Heather never thought she would compete in Panic, a legendary game played by graduating seniors, where the stakes are high and the payoff is even higher. She’d never thought of herself as fearless, the kind of person who would fight to stand out. But when she finds something, and someone, to fight for, she will discover that she is braver than she ever thought.
Dodge has never been afraid of Panic. His secret will fuel him, and get him all the way through the game, he’s sure of it. But what he doesn’t know is that he’s not the only one with a secret. Everyone has something to play for.
For Heather and Dodge, the game will bring new alliances, unexpected revelations, and the possibility of first love for each of them—and the knowledge that sometimes the very things we fear are those we need the most.

I found out about this book through a website article about the “it” female young adult authors of 2014. I had heard of Lauren Oliver, but never read anything from her. The article said great things about this book. So, I went ahead and got it from the library.

Panic is awesome! It fel like part psychological thriller and part coming of age. The idea that a small town has a tradition where teens participate in dangerous situations may seem illogical and crazy, but through the way Lauren Oliver writes, I could believe it. I was reminded of how bored I was when I lived in a fairly small town in North Carolina. There was nothing to do. I was lucky that most of my summers were with my Dad in Virginia Beach(and that I moved).

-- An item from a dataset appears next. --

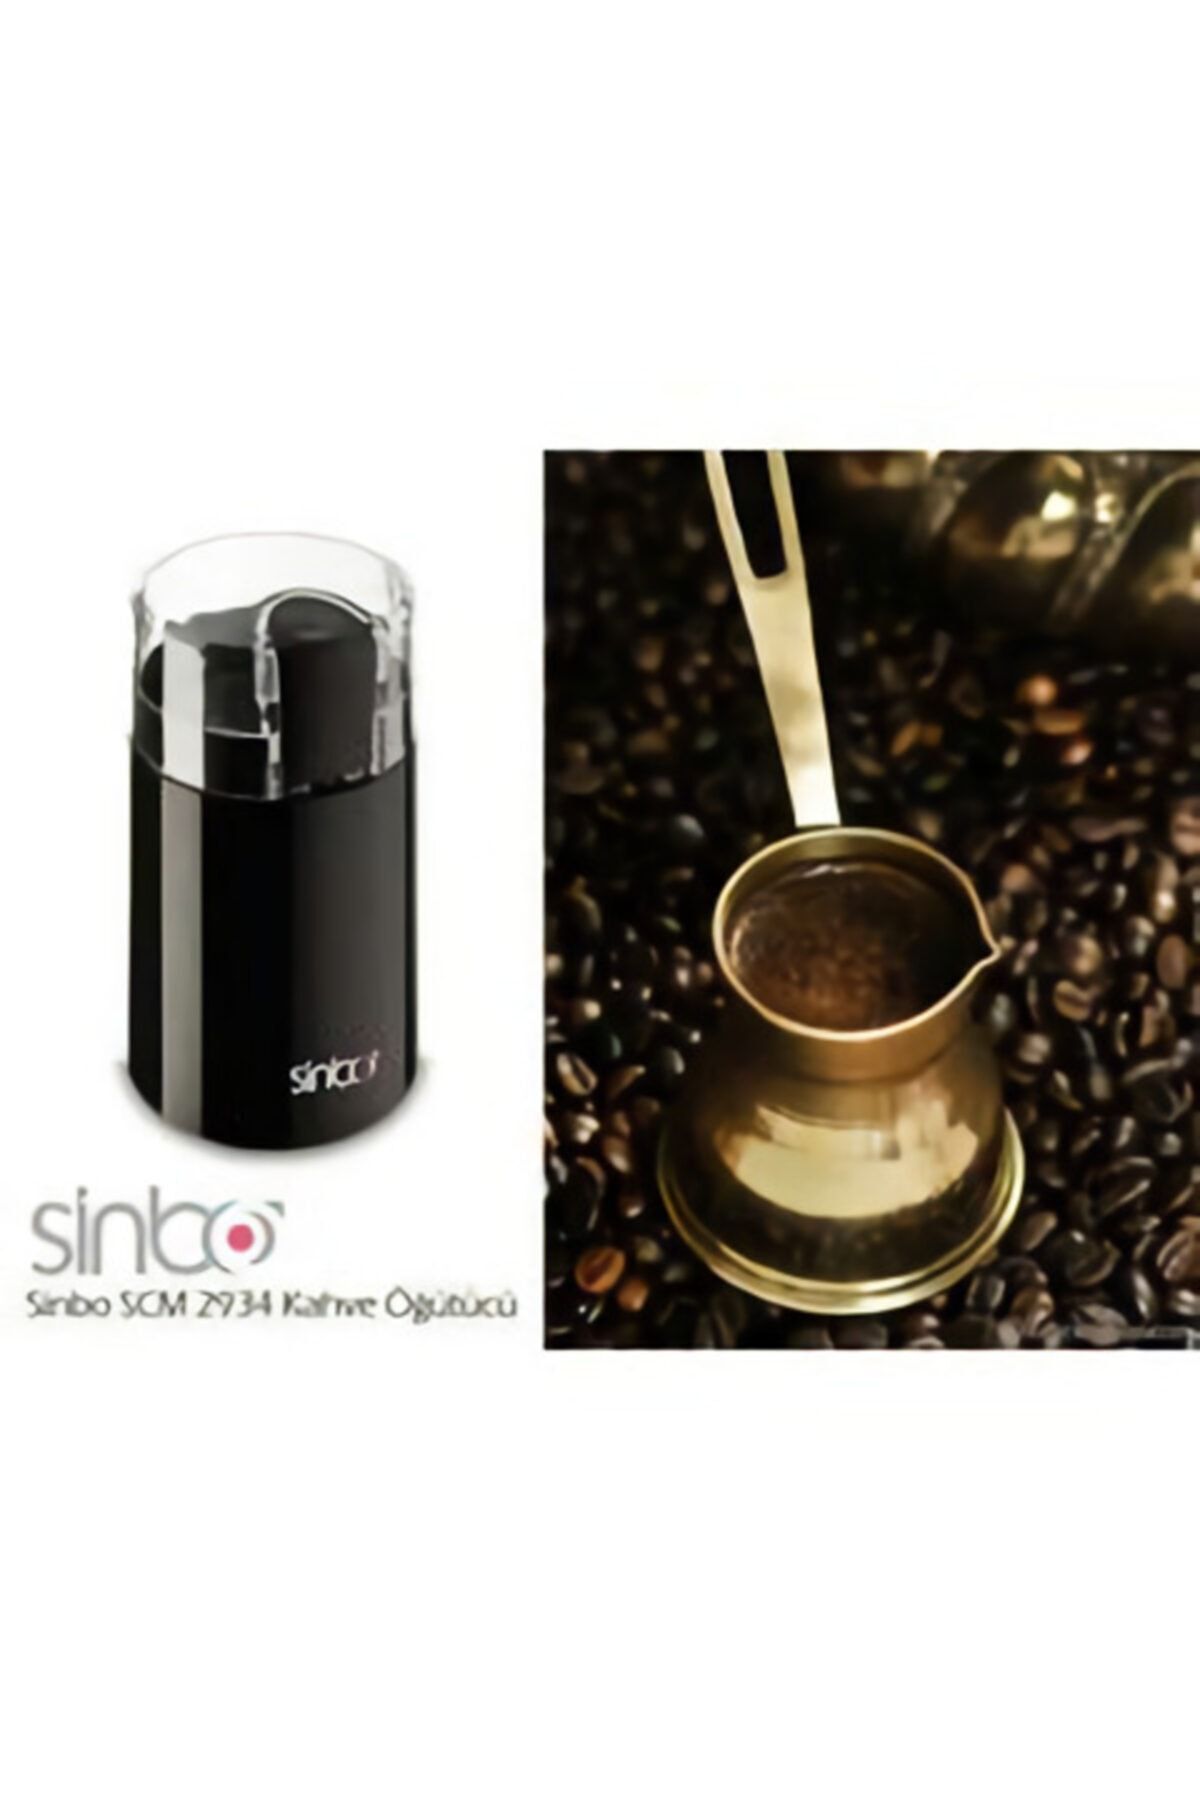 Sinbo Scm-2934 Kahve Öğütme Makinesi

Though I don’t think most of everyone stayed after graduation in the small town of my memories, the fictional Carp has many residents who have been there since birth and will stay until death. Hence, the need for entertainment and a competition that the kids use to prove something.

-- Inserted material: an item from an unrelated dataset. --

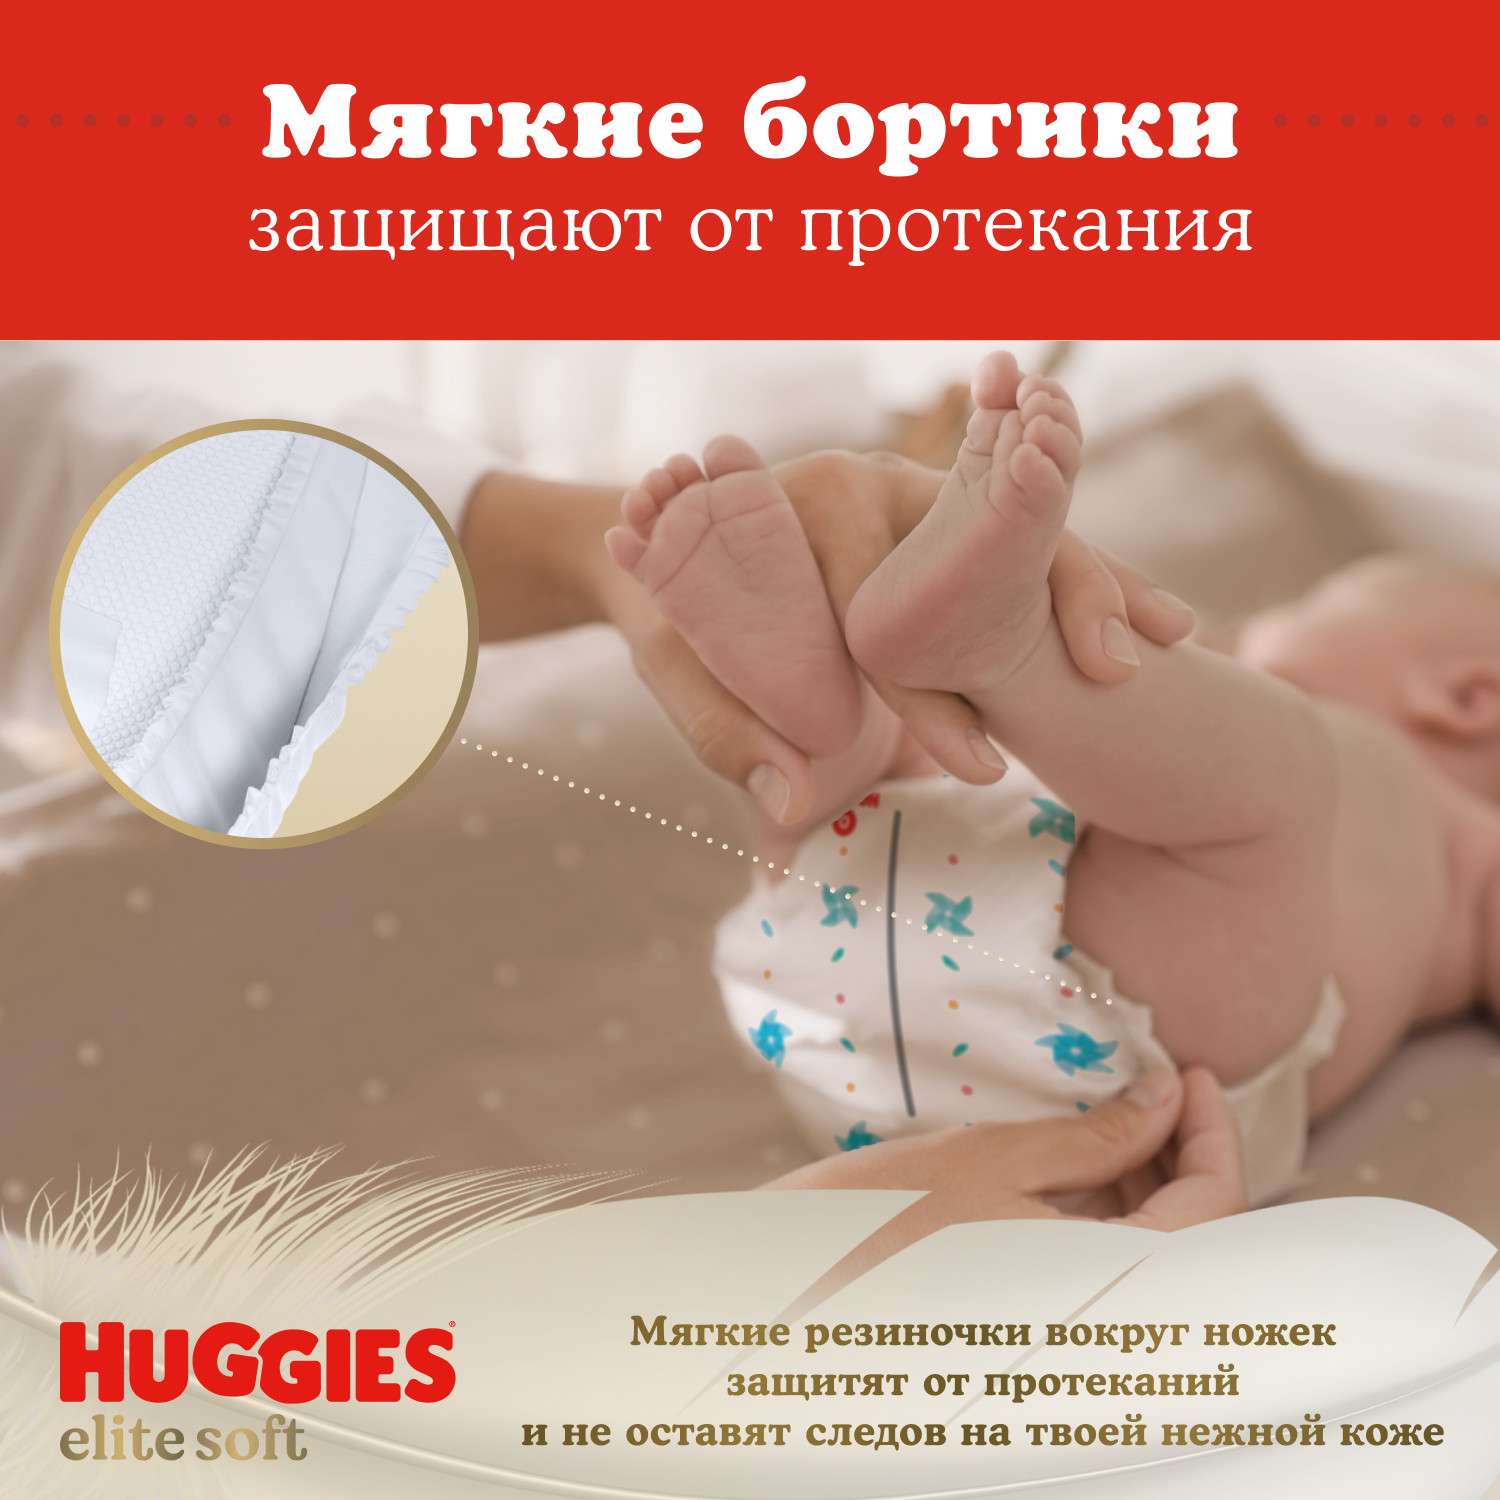 Подгузники Huggies Elite Soft для новорожденных 2 4-6кг 100шт - фото 8

Obviously, Panic (the game) is a disturbing version of truth or dare without the truth. You will find yourself at the edge of your seat through the book. The dares that were thought of are just crazy and messed up. No doubt I would’ve been out well before the game started.

Okay, like I said before the concept is crazy and the writing is great. It’s simple, pulls you in, and you can believe that such a town and game exist. The characters don’t falter. I found myself loving the supporting cast as much as the two focal characters: Dodge and Heather. And before you start groaning about a romance between the two, there isn’t, so there.

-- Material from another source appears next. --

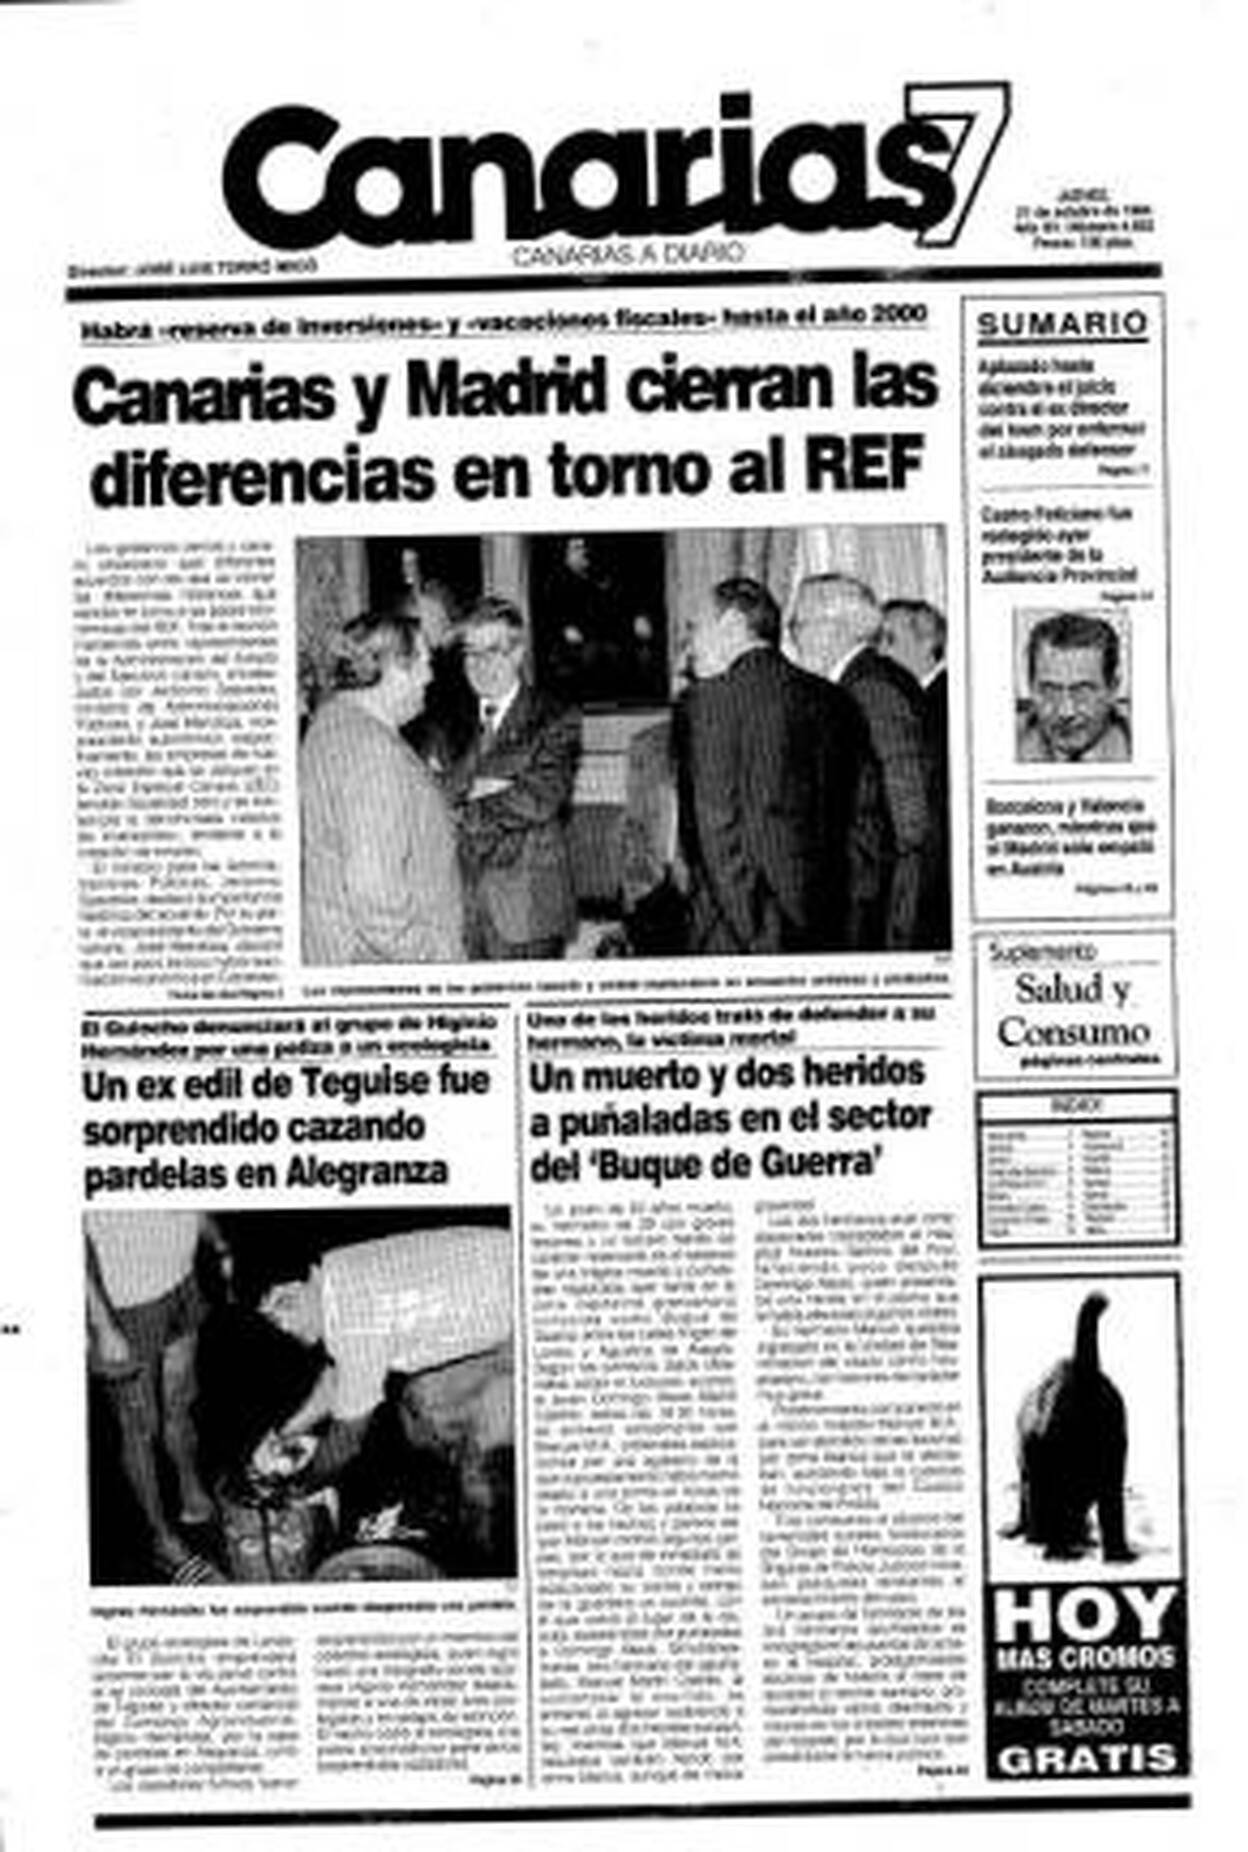 Hace 25 años en Canarias7

Dodge is a loner with a seriously terrible plan. I loved how he was planning something completely messed up and yet, the reader sympathizes with him. I was fully expecting a villain like character, but really, he was a guy without friends and wanting to protect the one person who meant the world to him. His sister. I can get that. I love how even though he is confident and has this strong air, he clearly shakes up every now and then. It made him real.

Even though I couldn’t relate to Dodge or Heather in a background kind of way, I could in their emotions. I understood Dodge’s motivation and though it scared me, I still loved him. I loved Heather’s strong personality and could see who she was that she couldn’t see. I loved that the author was able to do that. She gave the reader the full character, but the character had to go through a series of tests to realize who they were.

This is an awesome book and is highly recommended. Also, the 408 pages don’t feel like 408. It moves fast.